Goal of the exercise> Pictures are to be omitted; everything else in the data must be transcribed exactly.

Data section>
------

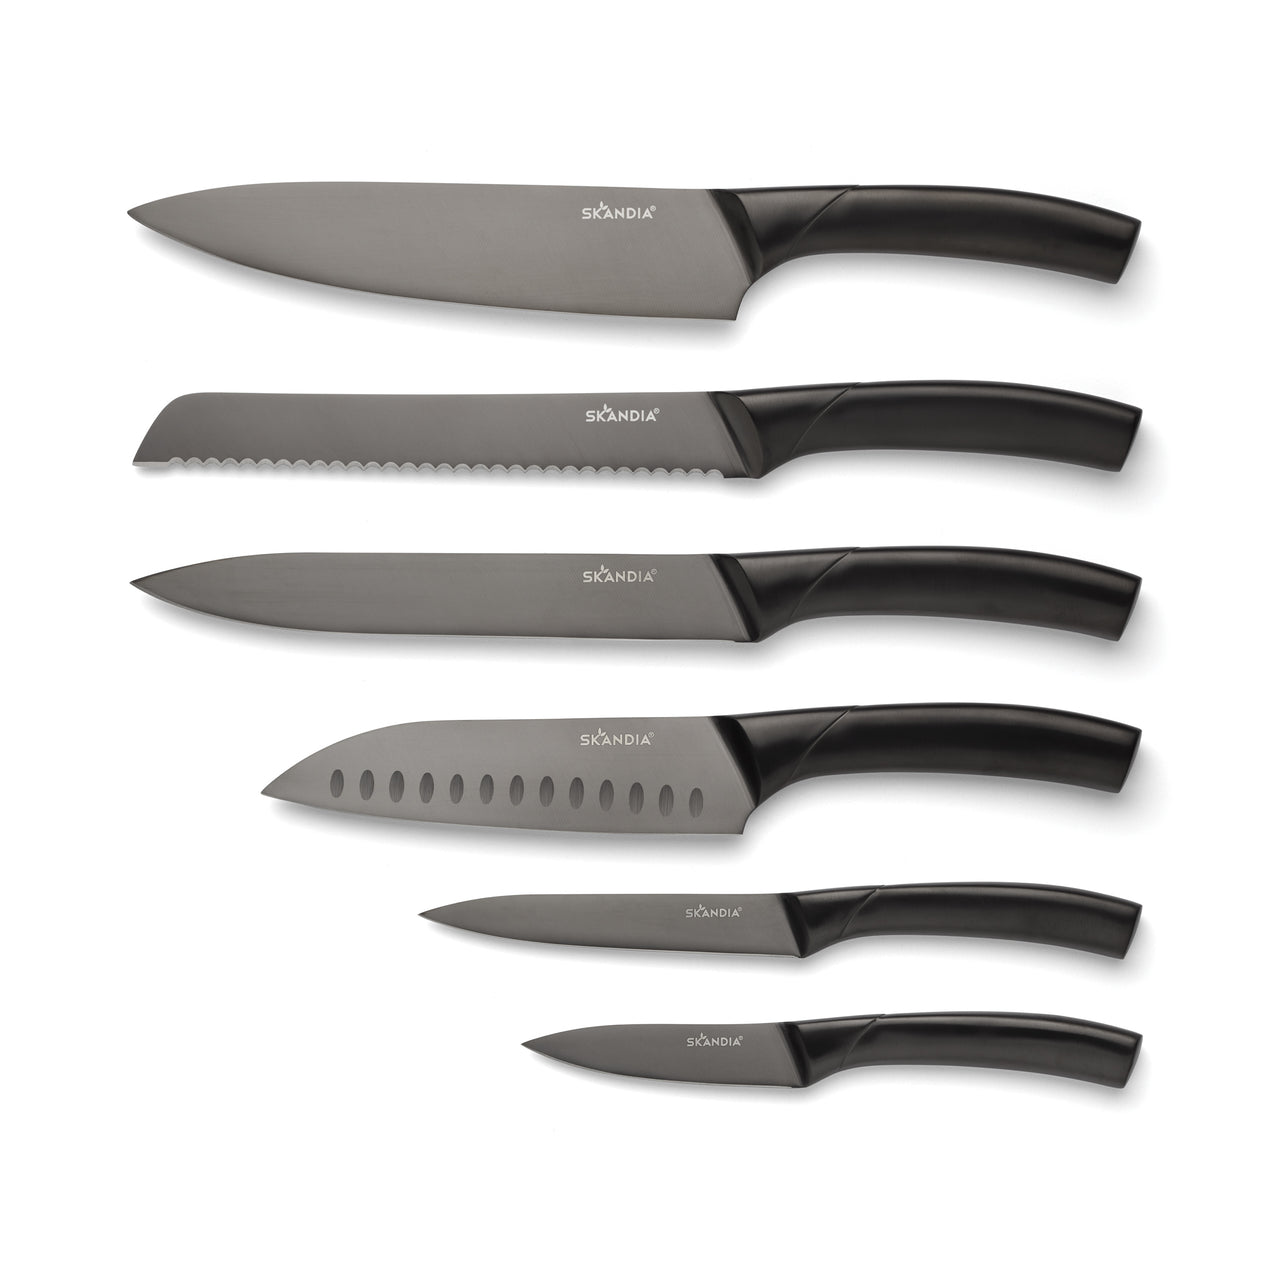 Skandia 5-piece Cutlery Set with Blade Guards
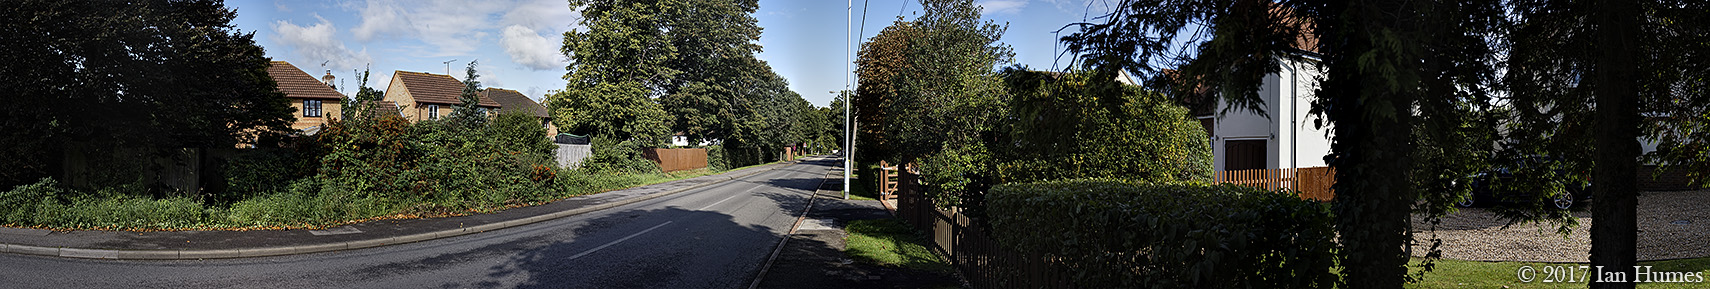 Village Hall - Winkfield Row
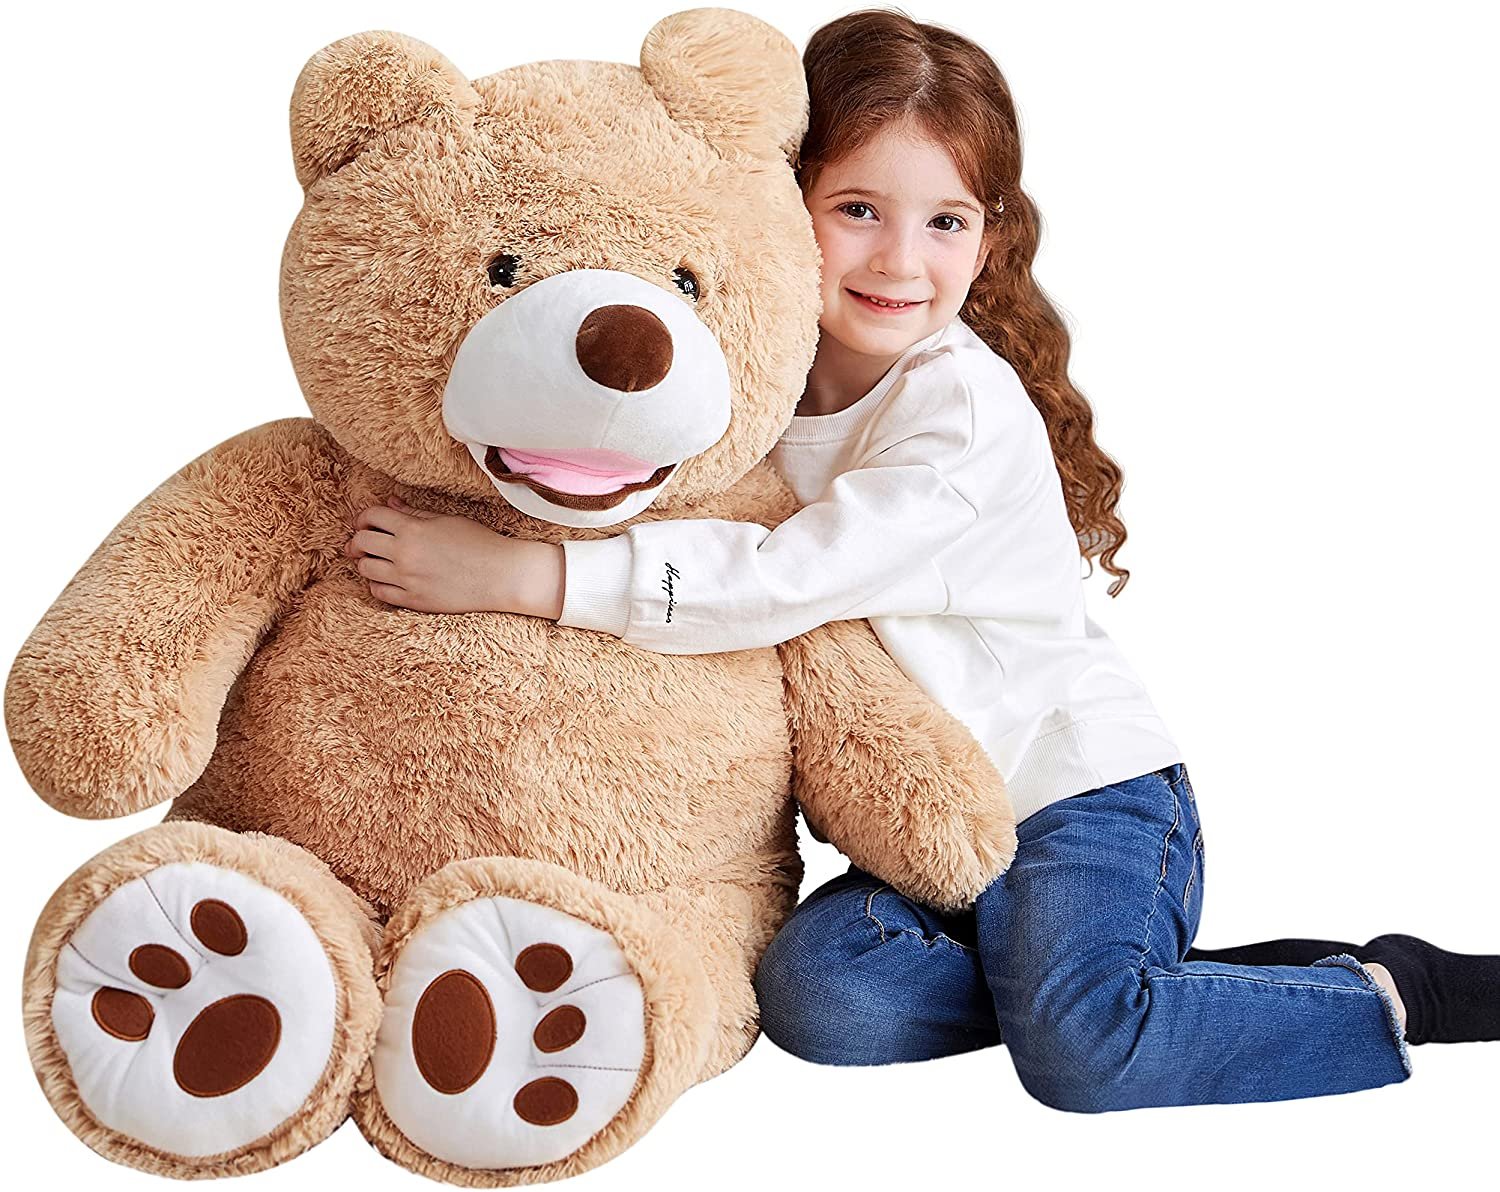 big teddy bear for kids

------

Response to this exercise>
 Skandia 5-piece Cutlery Set with Blade Guards
 Village Hall - Winkfield Row
 big teddy bear for kids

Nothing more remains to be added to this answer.